The Daily Telegraph
Sydney revealed in layers
 By SIMON BENSON
 22dec01

 DEEP beneath the buildings of Broadway, a perfectly preserved tomb has been
discovered
 which has unlocked a hidden history of Sydney.

 Bulldozed in 1906 when bubonic plague and smallpox were discovered, the
fractured remains
 of Sydney's most notorious slum have been protected intact from the day they
were buried
 like a mini Pompeii.

 Now that history is beginning to be unearthed for the first time in a $1
million archeological
 dig by developers Australand, who want to build a $170 million apartment
complex, dubbed
 Quadrant, on the site.

 Tales from the days of children playing in open sewers, the slaughterhouses of
the area, early
 farming and rapid urbanisation have until now been virtually locked away in the
crypt beneath
 147-179 Broadway, Sydney.

 One of the largest archeological excavations ever in the city, experts claim it
is only now
 opening a window into Sydney's often brutal beginnings as well as the roots of
Sydney's
 ecological and social evolution.

 Buried beneath the 3m of fill are remnants of an ancient beach, stream and
wilderness area
 that once played host to a lively indigenous community long before European
occupation.

 Bones from the city's first slaughterhouses, a gold sovereign, shoes, crockery,
coins and
 other household items belonging to some of Sydney's first urban residents have
already been
 recovered – details of which will soon be released in the first report from
Stage 1 of the
 project.

 With initial testing of the soil showing no residual traces of plague,
volunteers are also being
 invited to join the dig – headed by archeologist Dana Mider.

 Australand plans to hold guided tours of the dig next month and much of what is
recovered
 from the site will remain and form part of an exhibition.

 "We knew some of the history of the site but the more you dig the more you
discover," said
 Australand's general marketing manager John Mortimer.

 Most people would know the site at Broadway as the battleground for a recent
conflict
 between council, police and squatters who had occupied the buildings.

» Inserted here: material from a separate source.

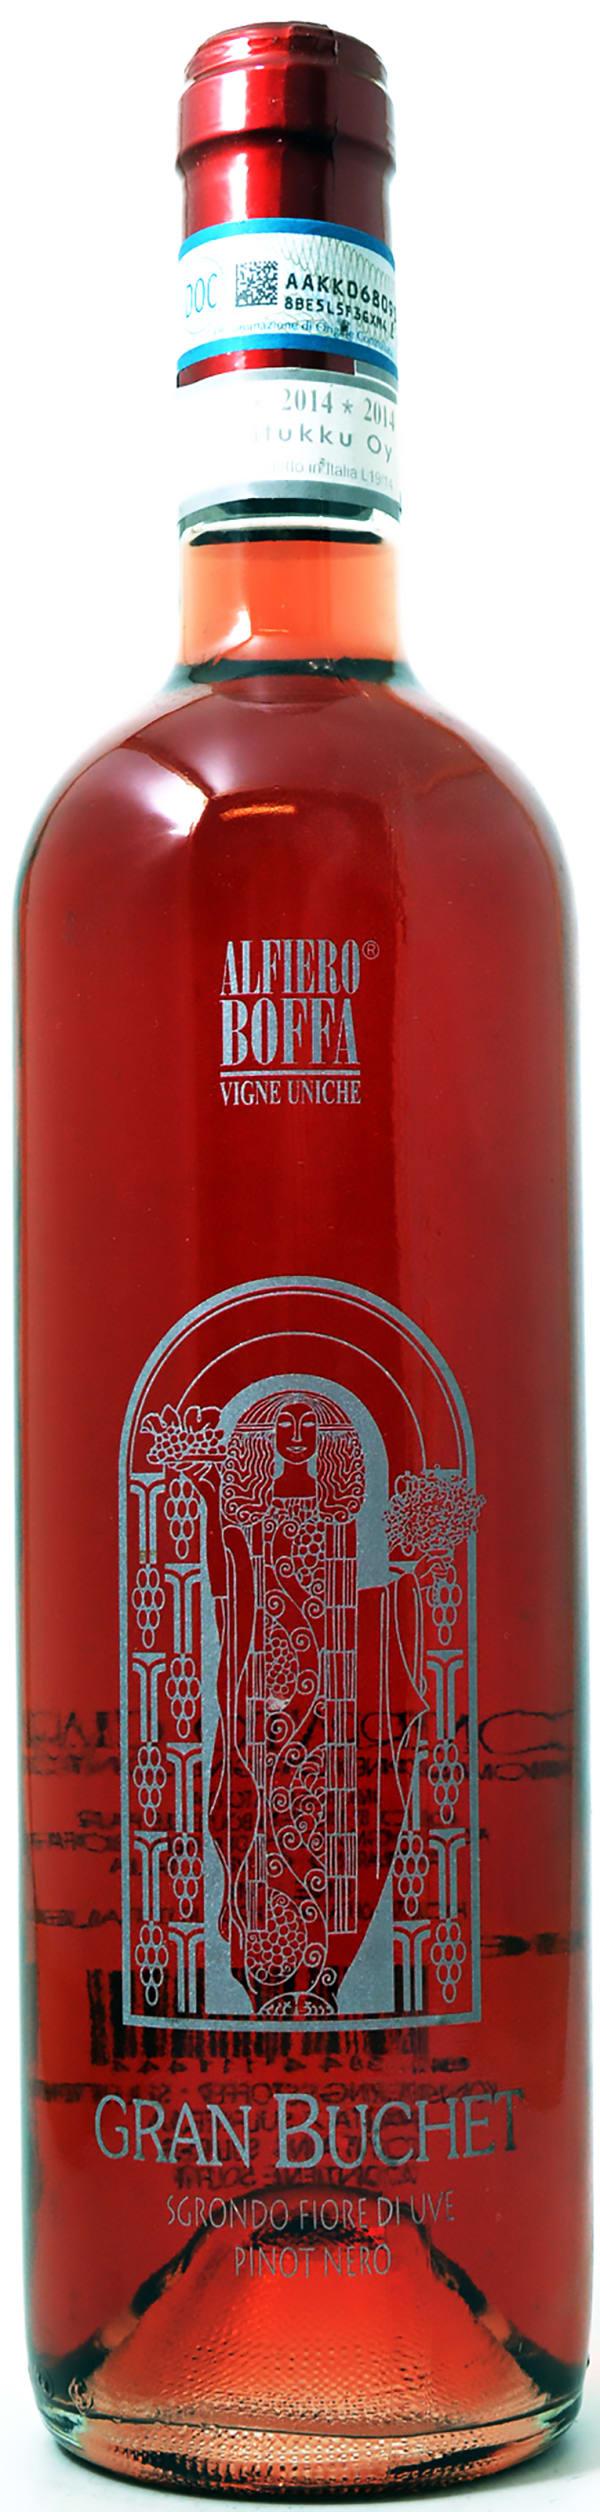 Gran Buchet Pinot Nero 2016

 It was also the home of the infamous live band venue the Phoenician Club which
was closed
 down after 15-year-old Anna Wood died of an ecstasy overdose in 1995.

 But few would know that it was once the original shoreline of Blackwattle Bay,
with beaches
 and a heavily wooded valley – home to the local Cadigal people.

 Its history is also written as one of Sydney's most notorious slums, which was
eventually
 bulldozed and covered with 3m of fill.

 In 1906 it became the first suburb in Australia to be resumed for health
reasons following an
 outbreak of bubonic plague, smallpox, typhoid and scarlet fever.

 "It gives us quite a story – from Aboriginal habitation and European
settlements to the 20th
 century," NSW Heritage Office director Rosalind Strong said.

 "Sometimes people think archeology is about ancient Egypt or Peru but it can be
as
 fascinating as excavations like this."